Execute the following command to initiate the large model inference process. The procedures for dataset preparation and model loading remain identical to those detailed in Making Prediction.
cd ~/UMM_Odyssey/1.Do_Inference
deeph-infer infer.toml
In this demonstration, we will perform inference on 100 \(\text{MoS}_2\) crystal structures. The corresponding inference configuration in TOML format is shown below:
# ---------------------------------- SYSTEM ----------------------------------
[system]
note = "Adventure of DeepH-UMM :/"
device = "gpu*1"
float_type = "fp32"
random_seed = 137
log_level = "info"
jax_memory_preallocate = true
# ----------------------------------- DATA ------------------------------------
[data]
inputs_dir = "./inputs"
outputs_dir = "./outputs"
[data.dft]
data_dir_depth = 0
validation_check = false
[data.graph]
dataset_name = "MoS2_100_OpenMX"
graph_type = "S"
storage_type = "memory"
parallel_num = -1
only_save_graph = false
# ----------------------------- MODEL -----------------------------------------
[model]
model_dir = "../_.DeepH-UMM.D20k-P48M/model"
load_model_type = "best"
load_model_epoch = -1
# ------------------------------ PROCESS --------------------------------------
[process.infer]
output_type = "h5"
output_into = "to_output"
target_symmetrize = true
multi_way_jit_num = 1
[process.infer.dataloader]
batch_size = 10
The inference results are saved in the outputs/<timestamp> directory. The following command can be used to visualize the prediction error distribution:
cd ~/UMM_Odyssey/1.Do_Inference/outputs/<timestamp>
dock analyze error structure ./dft -b ../../inputs/dft -p 2
NOTE: On supercomputing platforms, it is strongly discouraged to execute any heavy computational tasks directly on login nodes. Experienced users should instead dispatch commands to compute nodes by submitting job scripts.

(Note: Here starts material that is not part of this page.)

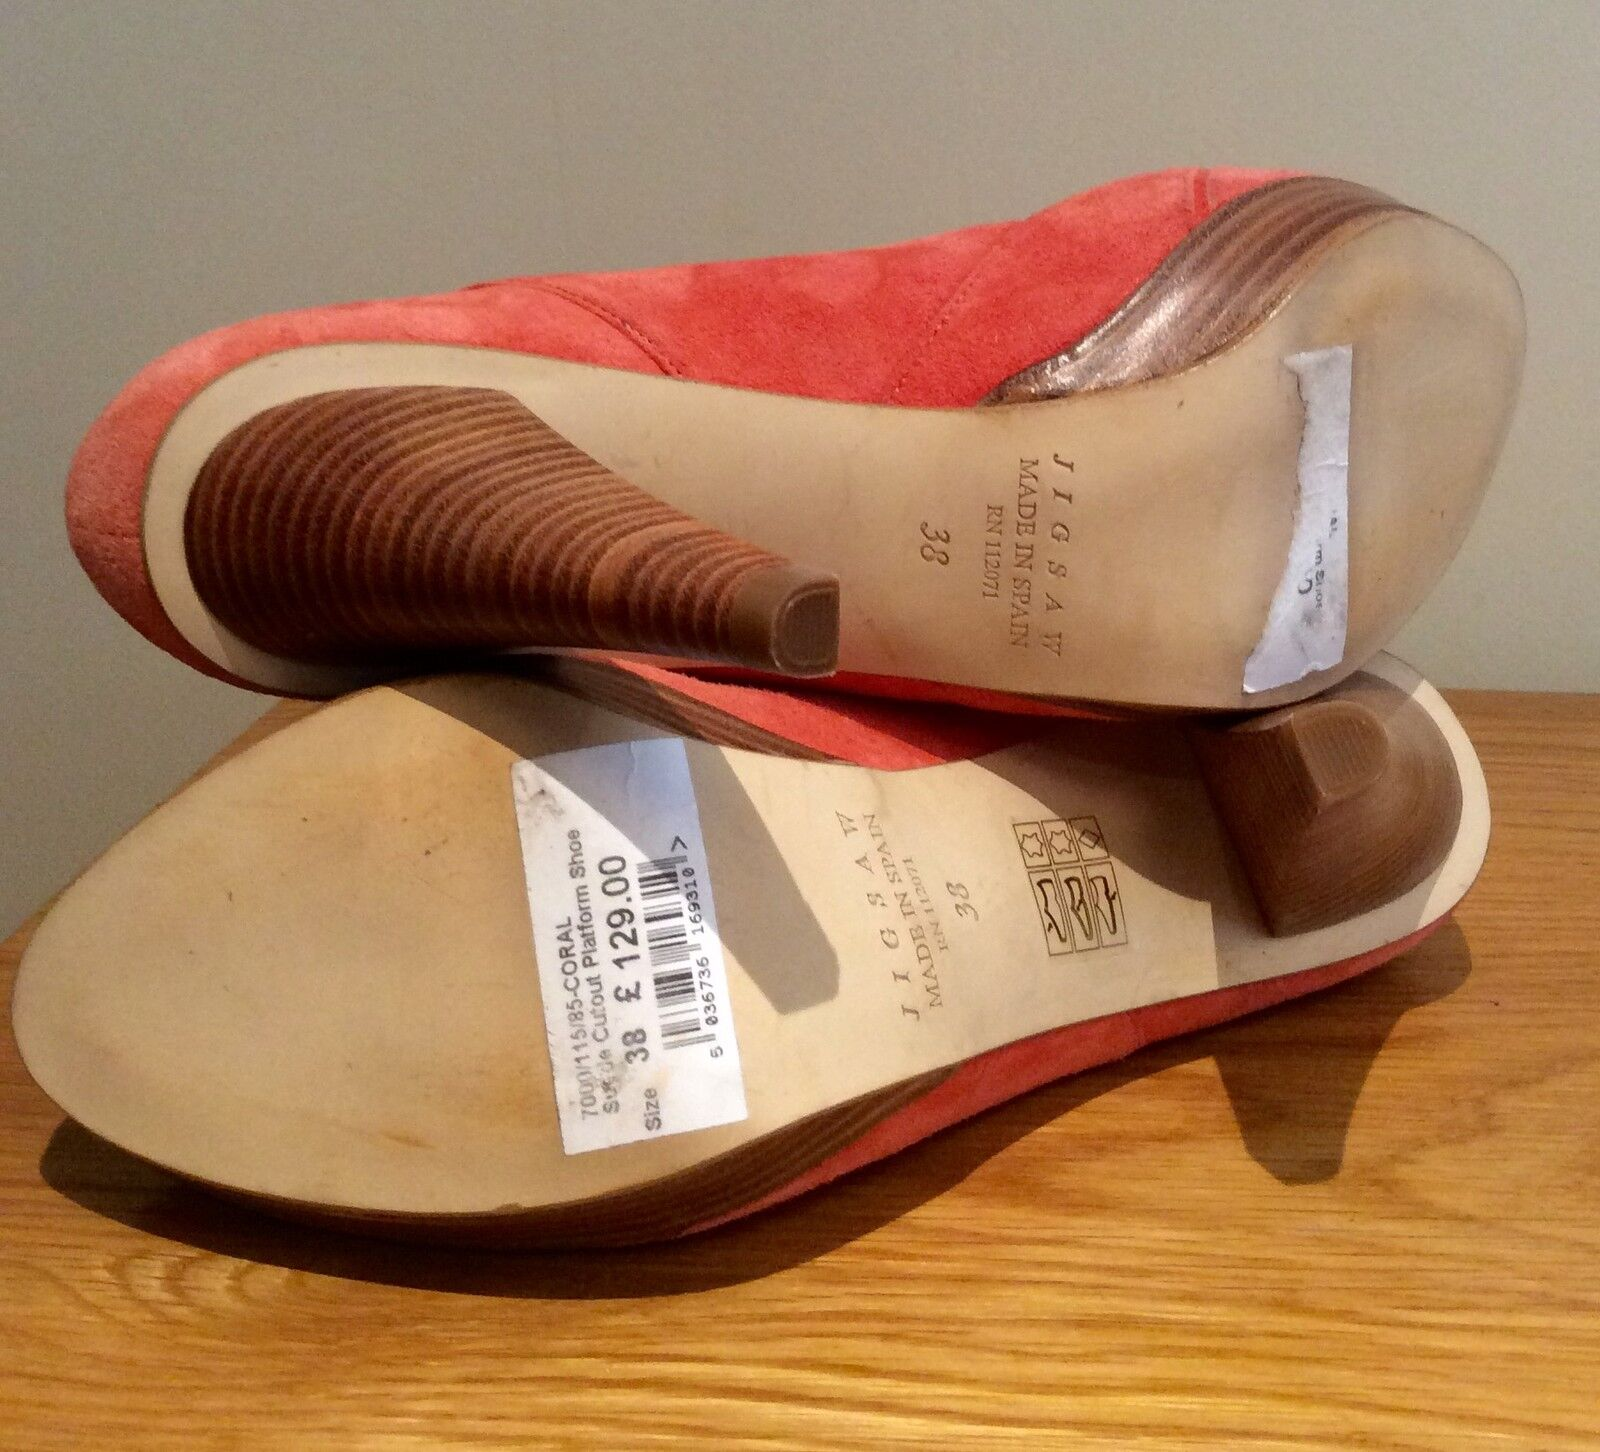 JIGSAW Schuhe 38    SIZE 38 Schuhe UK 5 CORAL SUEDE LEATHER CUTOUT HEELS PLATFORM c15ffc

The Hamiltonian MAE between the prediction of UMM and the benchmark data is \(1.44\text{meV}\), which is close to the loss on the original test set (\(1.29\text{meV}\)). The universal material model provides a reliable one-shot prediction on a wide range of materials, which is convenient for users because no training process is needed.

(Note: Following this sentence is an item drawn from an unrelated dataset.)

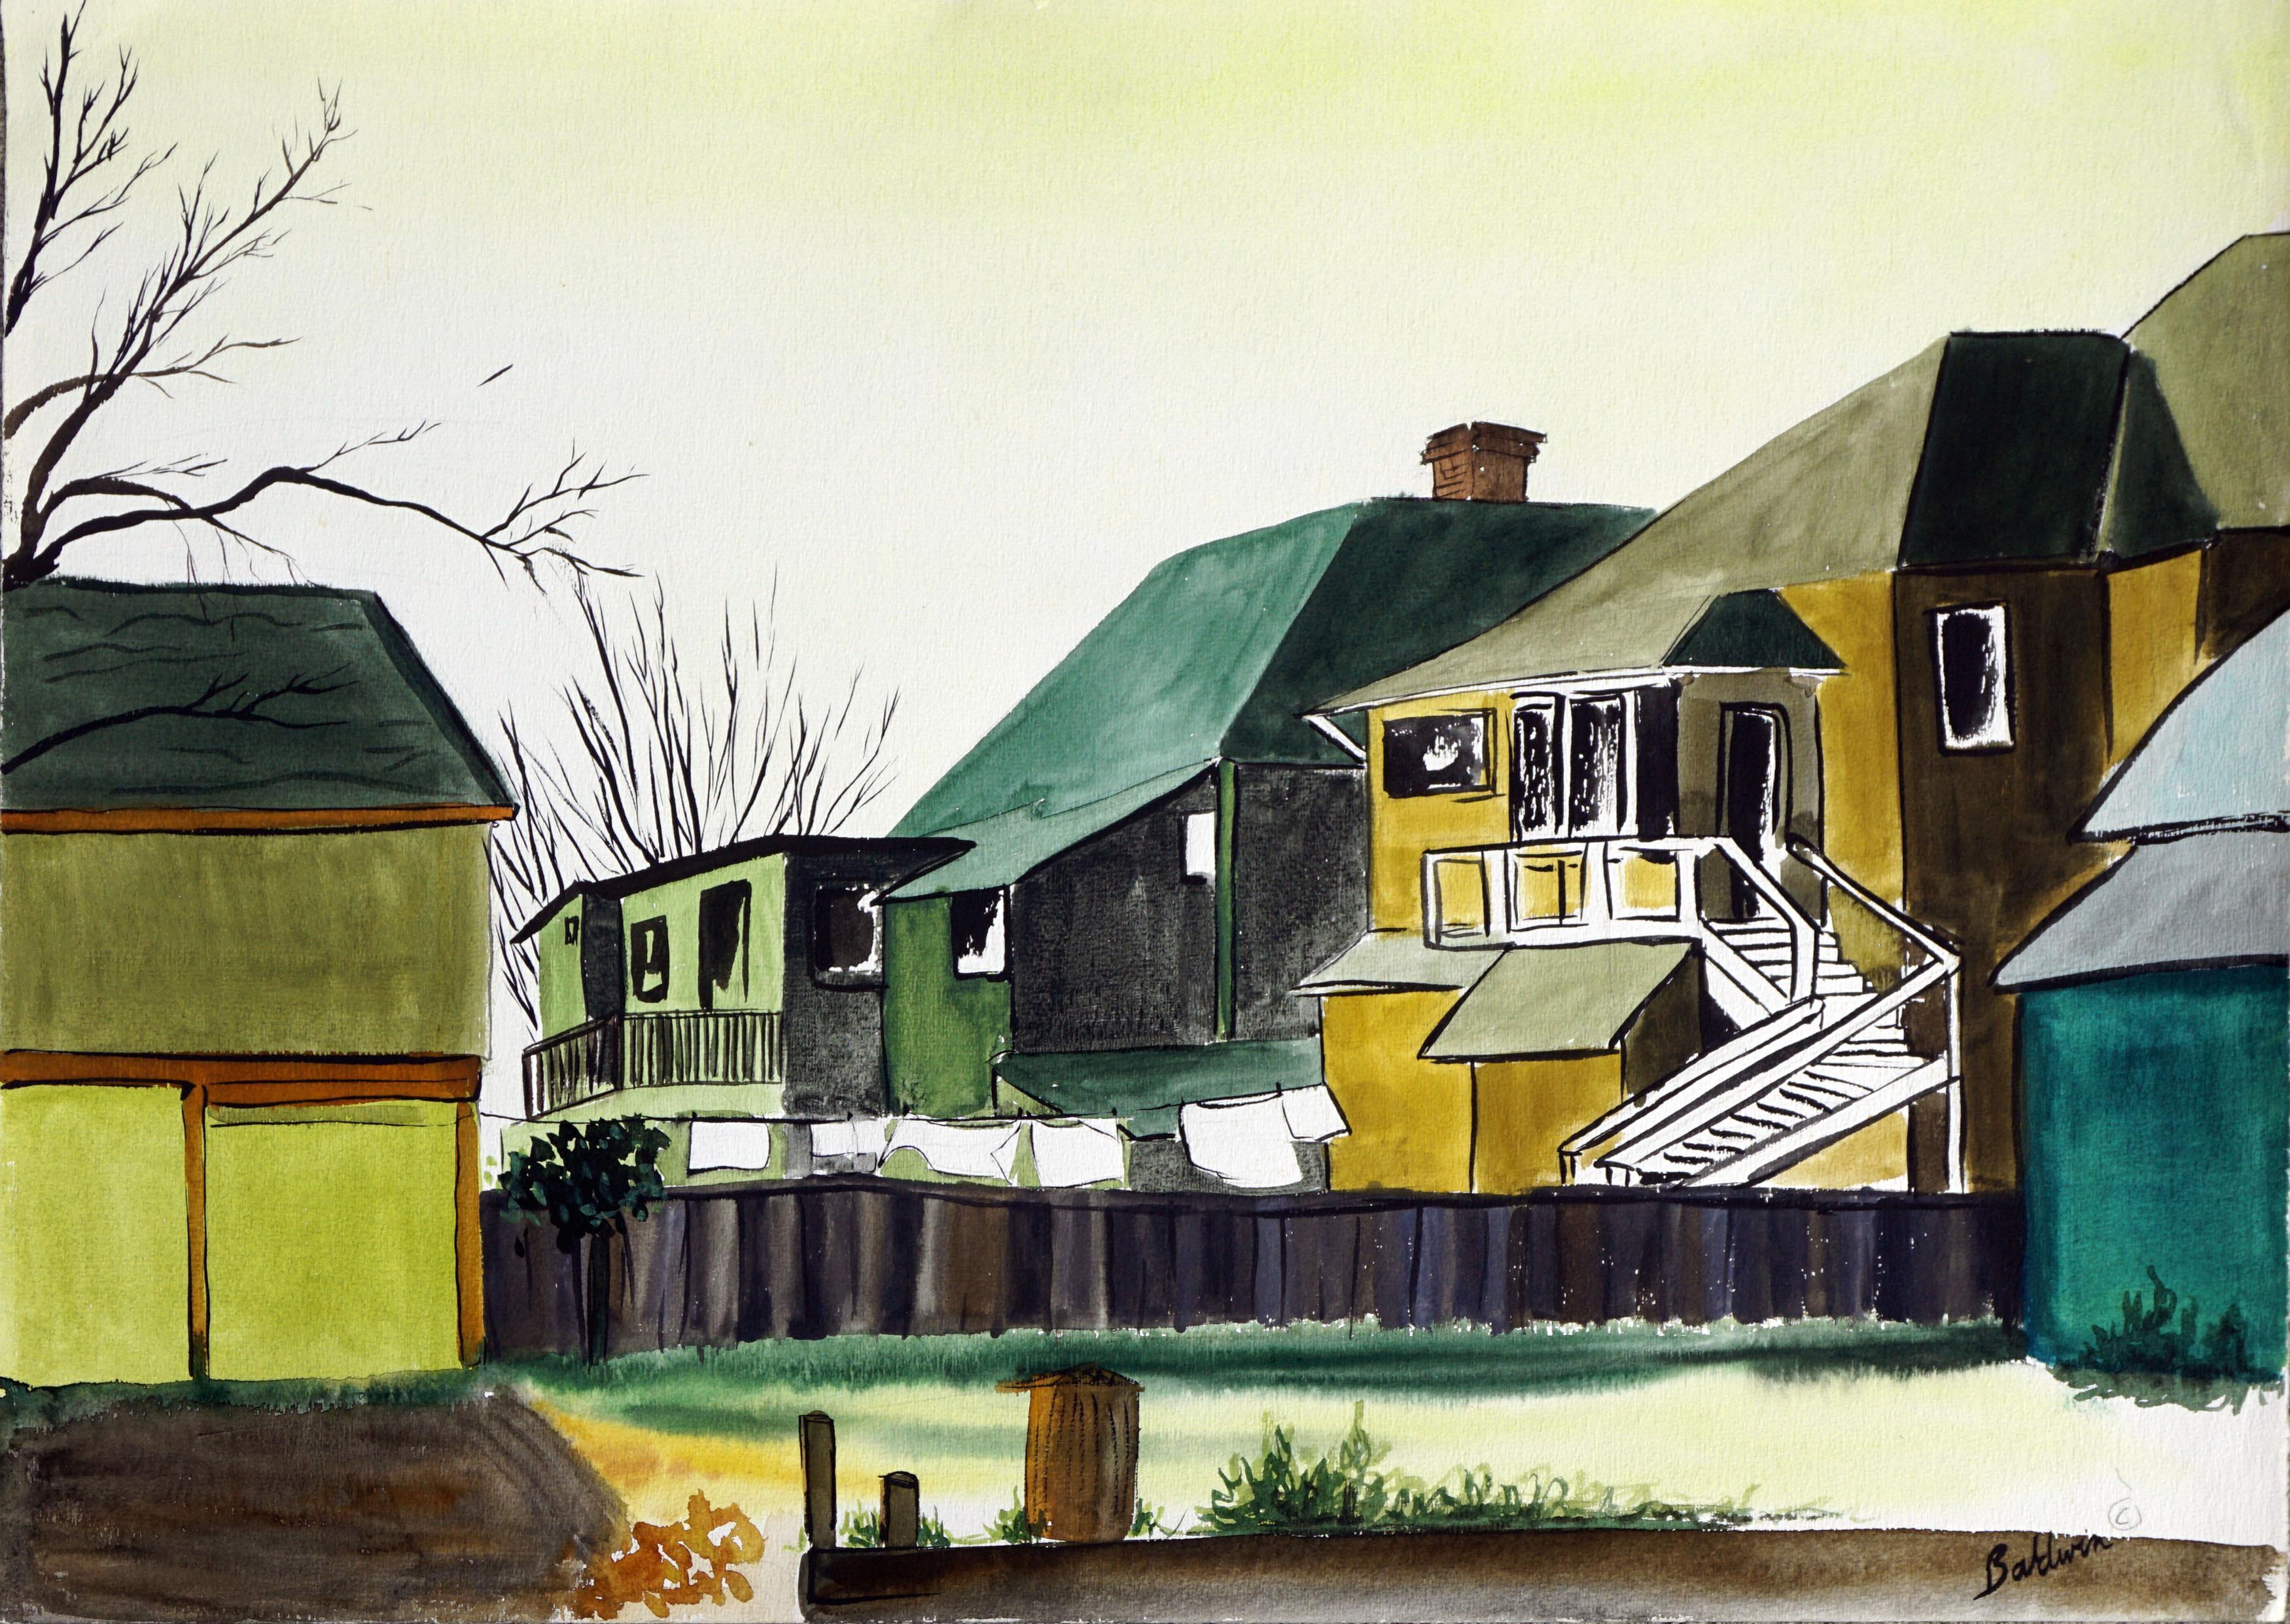 Modernist Suburban Neighborhood

Fine-tune universal materials model#
Recalling the training and inference workflows established in Chapters Model Training and Making Predictions, you may note that DeepH-UMM’s current accuracy on specialized material systems requires improvement. When trained on dedicated datasets, DeepH models typically achieve Hamiltonian prediction precision within hundreds of μeV after days of training. However, the Universal Materials Model (UMM) in our current tutorial maintains accuracy around 1.0 meV.
This performance gap is scientifically justified:
UMM handles significantly more complex spatial structures.
The 20,000-material training set remains insufficient for capturing intricate physical interactions.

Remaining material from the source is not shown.